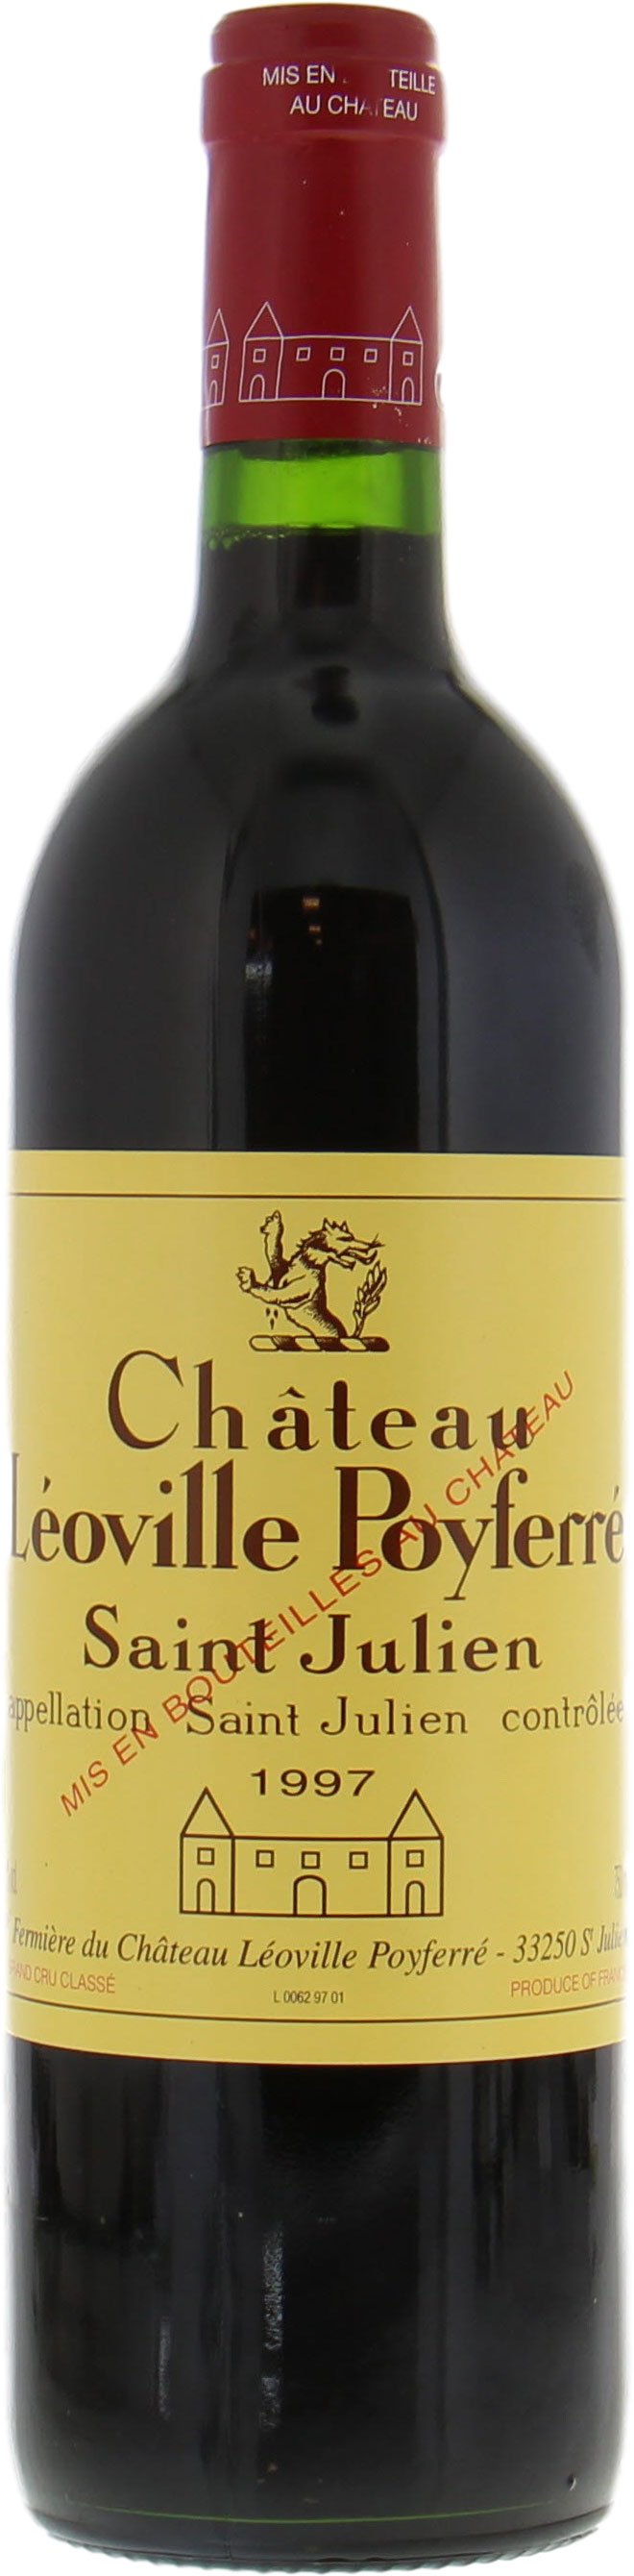 Chateau Leoville Poyferre - Chateau Leoville Poyferre 1997 Perfect
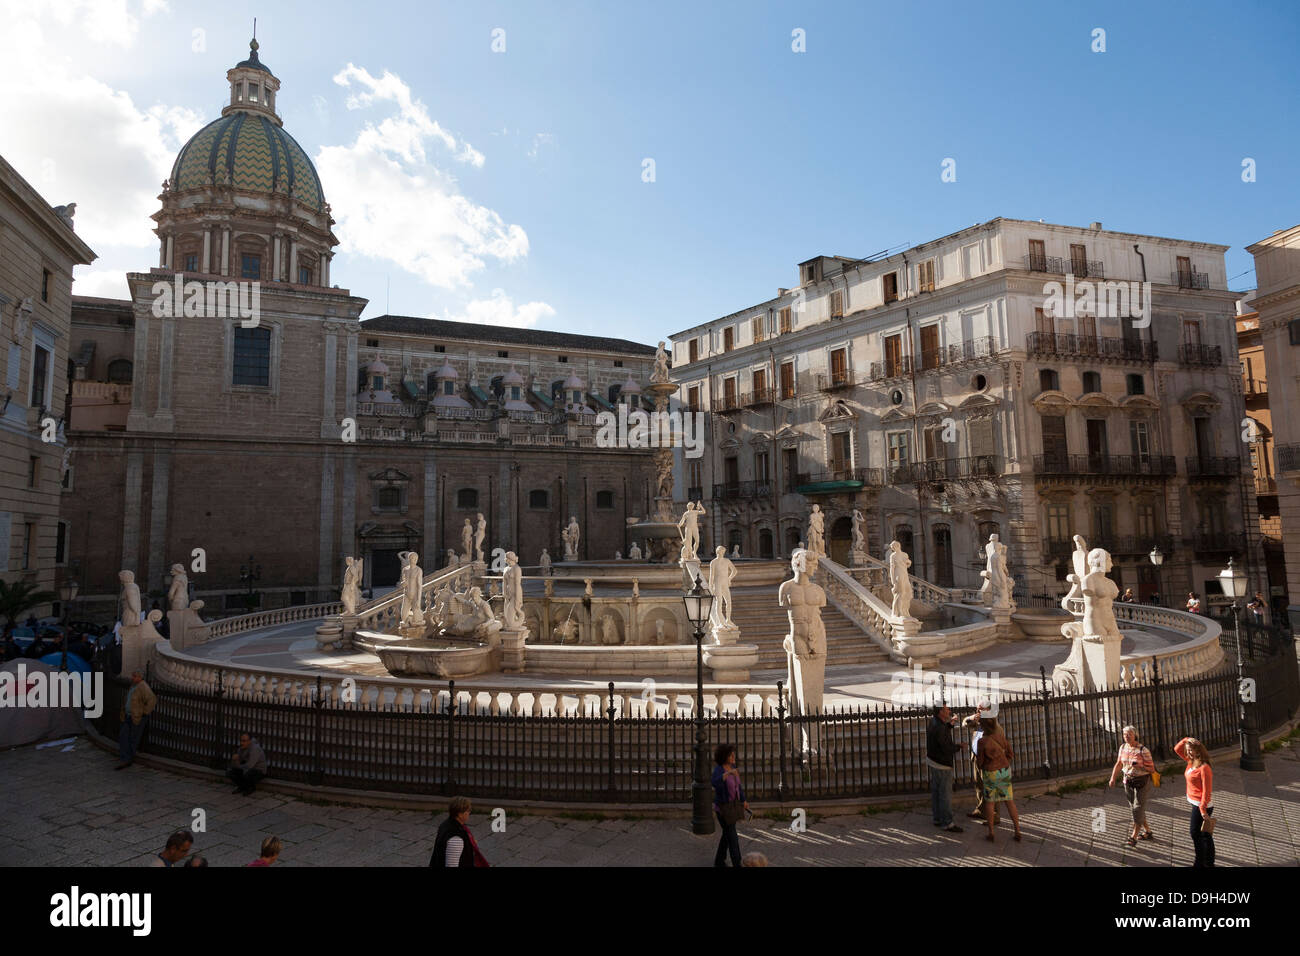 Piazza Pretoria, Pretoria Brunnen Fontana della Vergogna, der Brunnen der Scham, Palermo, Sizilien, Italien Stockfoto
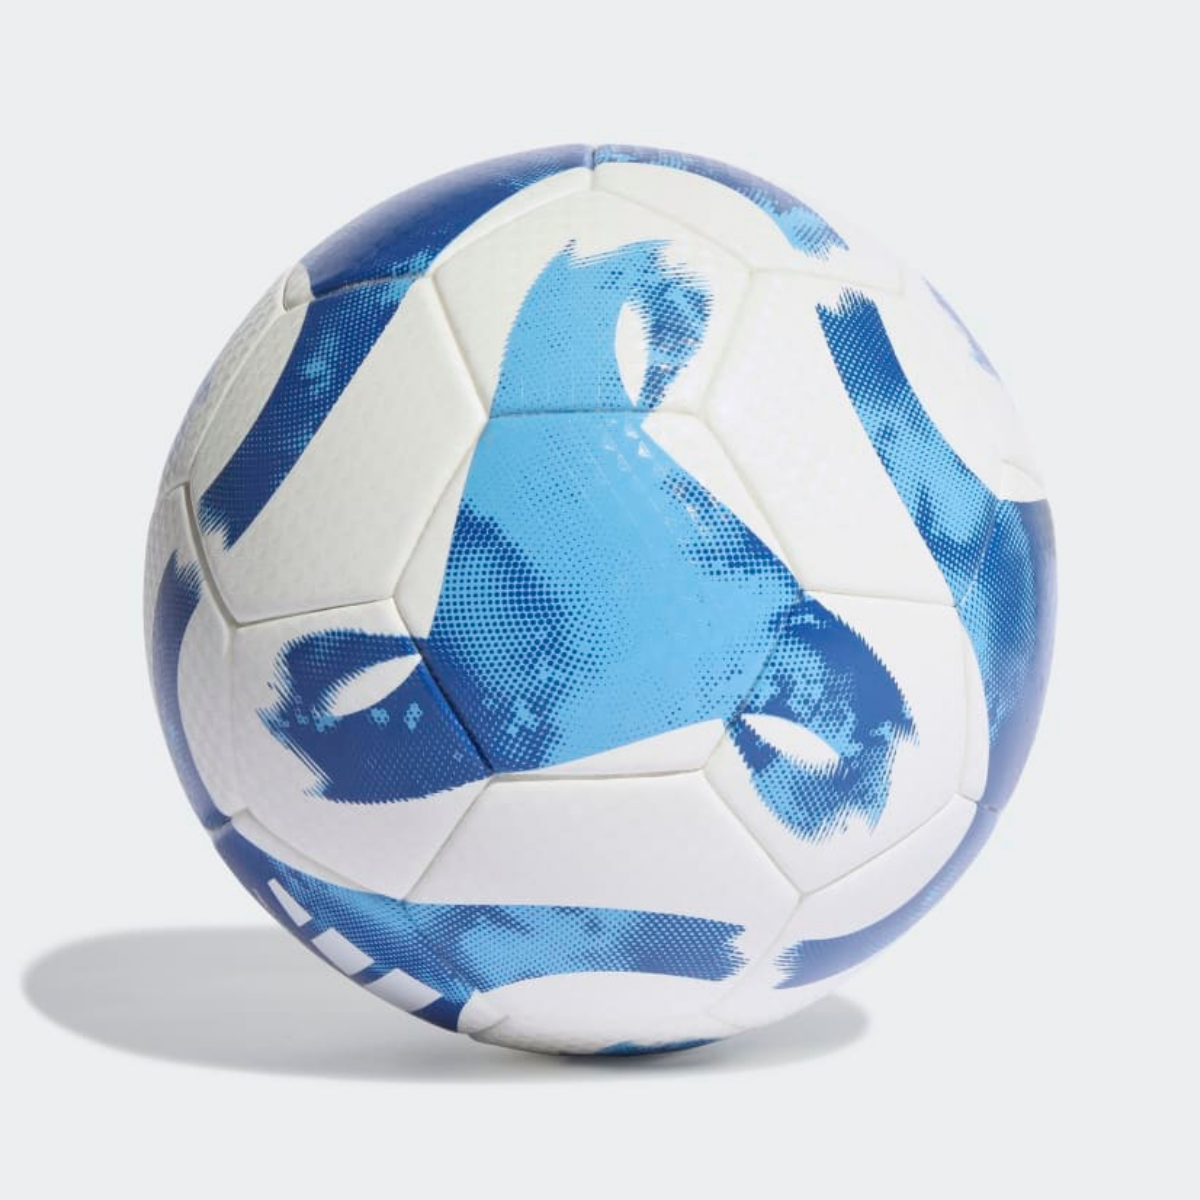 Adidas Tiro League Thermally Bonded FootBall -White/Royal Blue/Light Blue
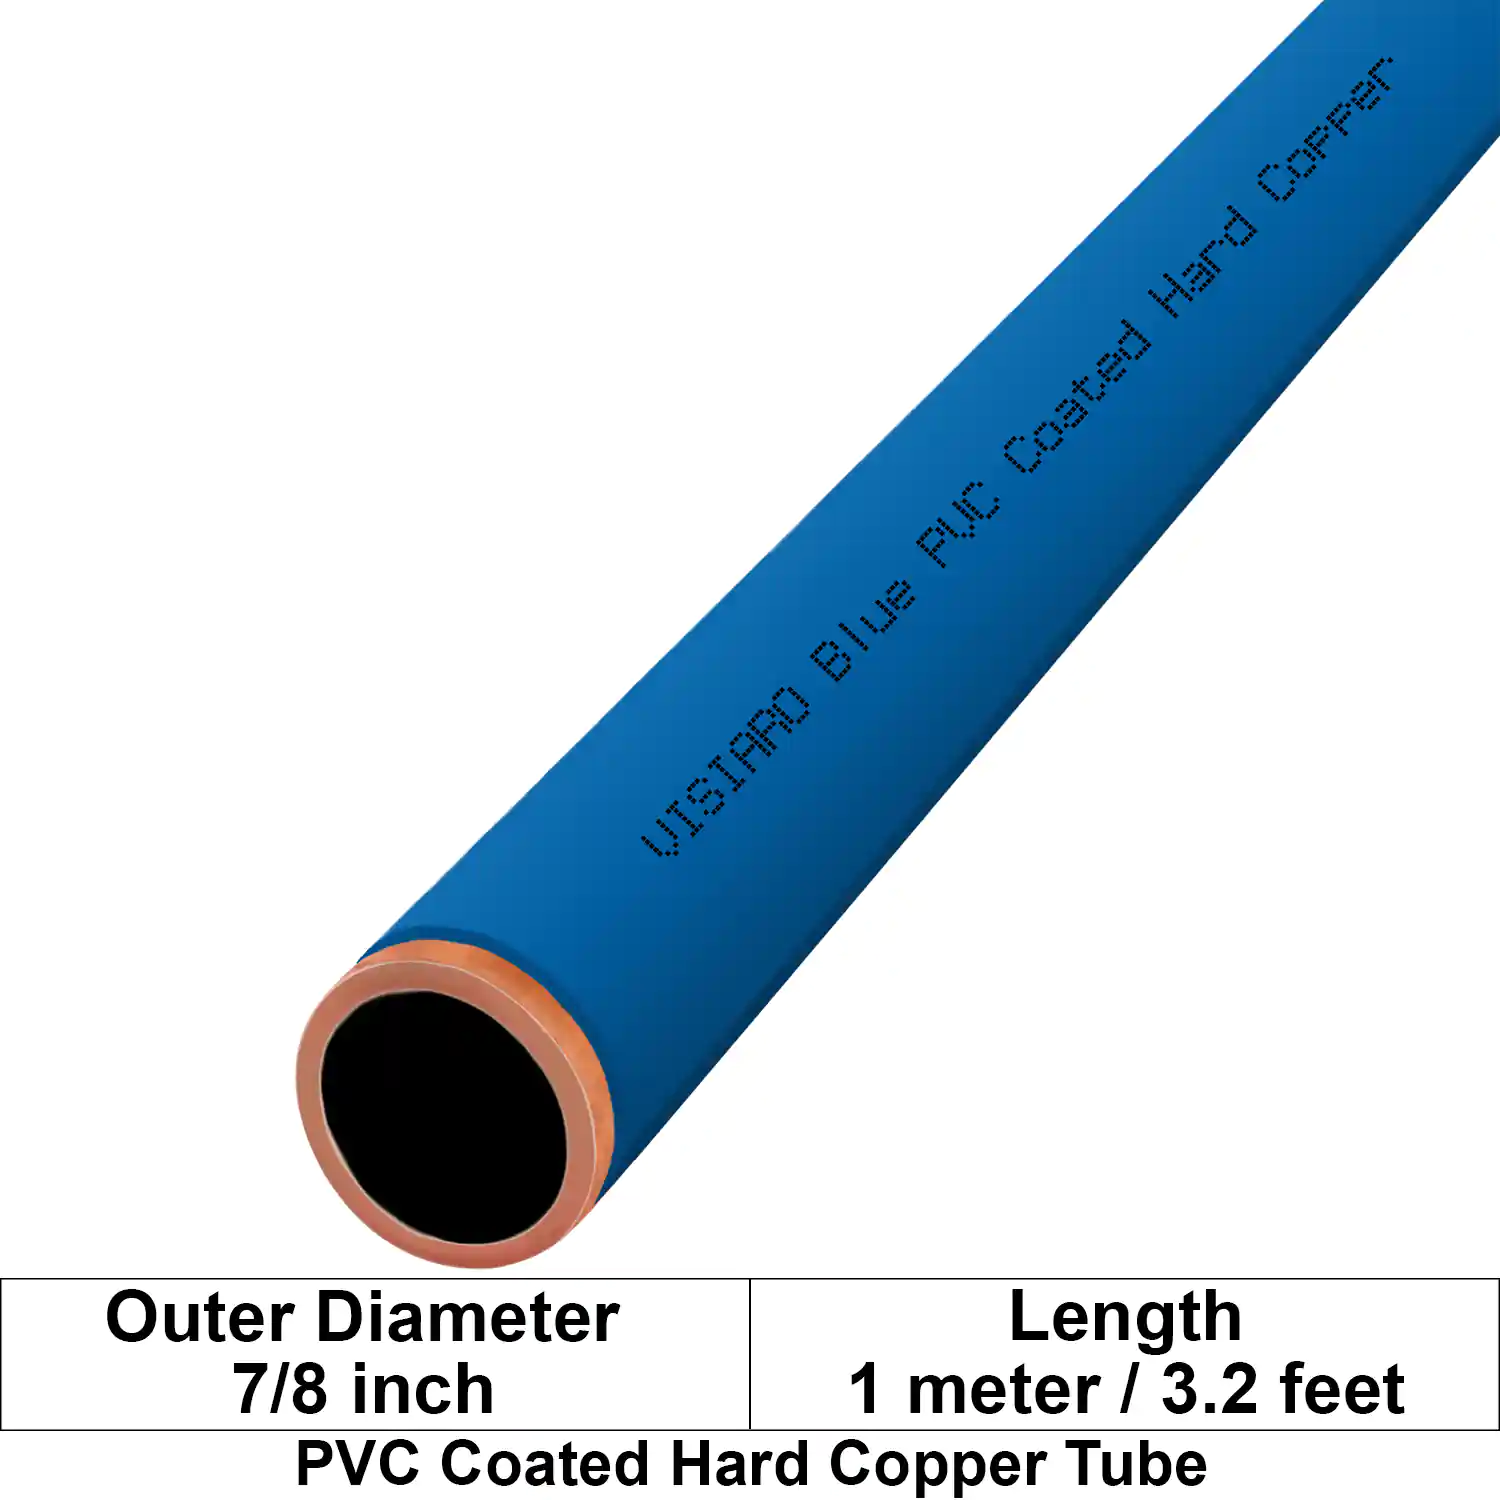 Visiaro Blue PVC Coated Hard Copper Tube 1mtr long Outer Diameter - 7/8 inch
———
* _Try it_
An exact transcript is required, covering the lines from the one containing "Adidas Tiro League" through the end of the listing above, inclusive, without pictures.

* _Written solution_
 Adidas Tiro League Thermally Bonded FootBall -White/Royal Blue/Light Blue
 Visiaro Blue PVC Coated Hard Copper Tube 1mtr long Outer Diameter - 7/8 inch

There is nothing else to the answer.